I wonder if anyone has tested this idea? I have not the stable of enlarging lenses to do so.

By the way, very interesting photographs in your very clean web site too....

Wade D
22-Mar-2010, 12:00
For 4x5 negs I use a 210mm Schneider lens on my 45MCRX. I can't get as big of an enlargement on the baseboard but have not seen light falloff at the corners. With a 150mm lens there is slight falloff. Condenser at 4x5 setting.

Tom Monego
22-Mar-2010, 12:05
Definitely get a Nega-Flat carrier. They do rust so don't buy sight unseen. What lens are you using?

Tom

k_redder
28-Mar-2010, 15:53
I finally got Humpty-Dumpty back together again, so I thought I'd share some pics of what I ended up doing. First pic shows all that's left of the upper stage of the MXT after modifications. Second is the light itself (shown without opal glass diffuser in place) that I put together by building a housing around a 5x7 lamp that I got on ebay some time ago and using the guts of a Zone VI cold light that also came from ebay (cheap, cuz it's bulb had broken). The only thing I added was the switch so I could turn the heat on and off without having to unplug it (the switch is illuminated also, so I know when heat is on). Next is the whole assembly in place on the enlarger. Last pic is what things look like when projected onto the board. The negative carrier is machined out so the opening is a little over a full 4x5 inches and modified to carry larger glass than a standard carrier. It definitely wasn't easy, but I'm glad I did it. I always wanted to be able to print the full negative on occasion, so now I can. Even when I don't, the coverage and evenness of the bigger light should be a vast improvement over the circular Zone VI unit that this replaces.

Larry McNeil
28-Mar-2010, 16:31
What do you mean by full frame? Being able to see the rebate edge of the film? Do you mean like the days of old when people used to simply file their negative carriers so it has a slightly larger opening so that the rebate edge of the film is printed too?
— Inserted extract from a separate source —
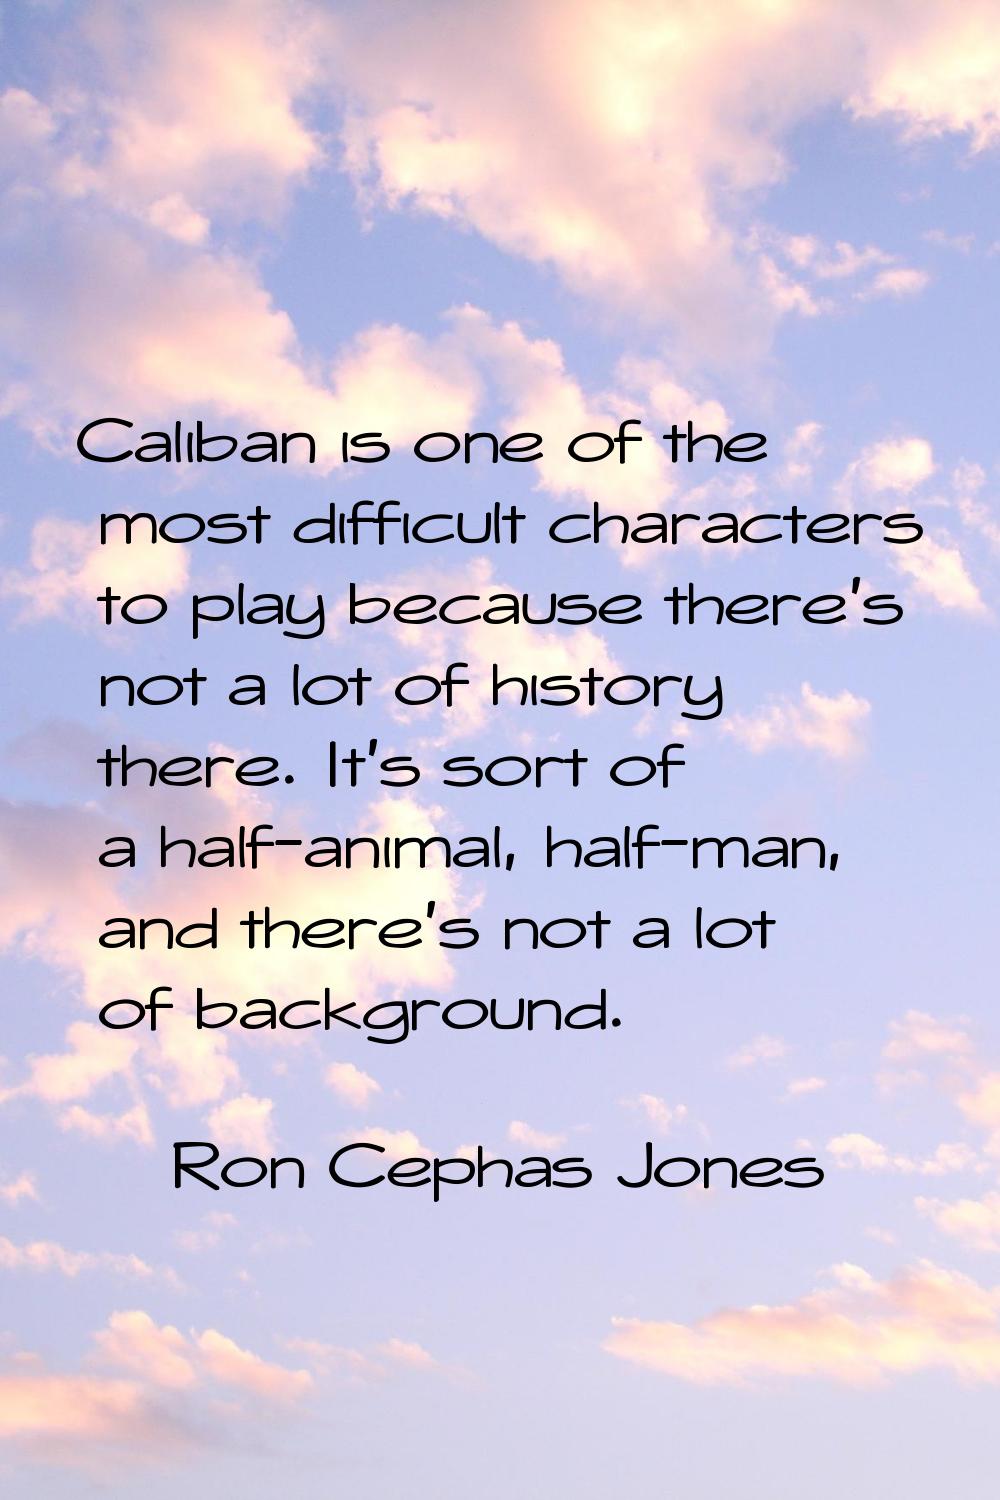 Caliban is one of the most difficult characters to play because there's not a lot of history there.

There are a few negative carriers that use anti-newton glass so that entire negatives can be printed, not just part of the rebate edge, but the entire negative, including the frames with film numbers, name of film, etc. These glass carriers also work with odd sized film for when you don't have a negative carrier to fit that specific size.

Omega made a really cool version that had interleaving cropping blades in addition to holding the film flat. It eliminated the soft edges that sometimes faded to white and you ended up with crisp sharp edges all around.

I hope this helps.

Larry

ic-racer
28-Mar-2010, 17:27
I finally got Humpty-Dumpty back together again,

Looks like nice work you have done!

That is certainly more working room around the negative than an 8x10 negative in a Durst 10x10 carrier.

How is your evenness of illumination?

k_redder
28-Mar-2010, 19:19
Looks like nice work you have done!

That is certainly more working room around the negative than an 8x10 negative in a Durst 10x10 carrier.

How is your evenness of illumination?

Next time I get in to do some printing, I'll run an official test. At first glance, it seems like this assembly is a significant improvement. The Zone VI unit that this replaces had enough falloff towards the edge that you could see it just by looking at an empty carrier projected onto the baseboard. No signs of anything like that with this so far. Coverage will definitely not be an issue, but if the test shows any signs of the bulb itself I have enough room to add spacers to the plate that carries the bulb (and everything else) which will move the bulb a little farther away from the diffuser, which should help.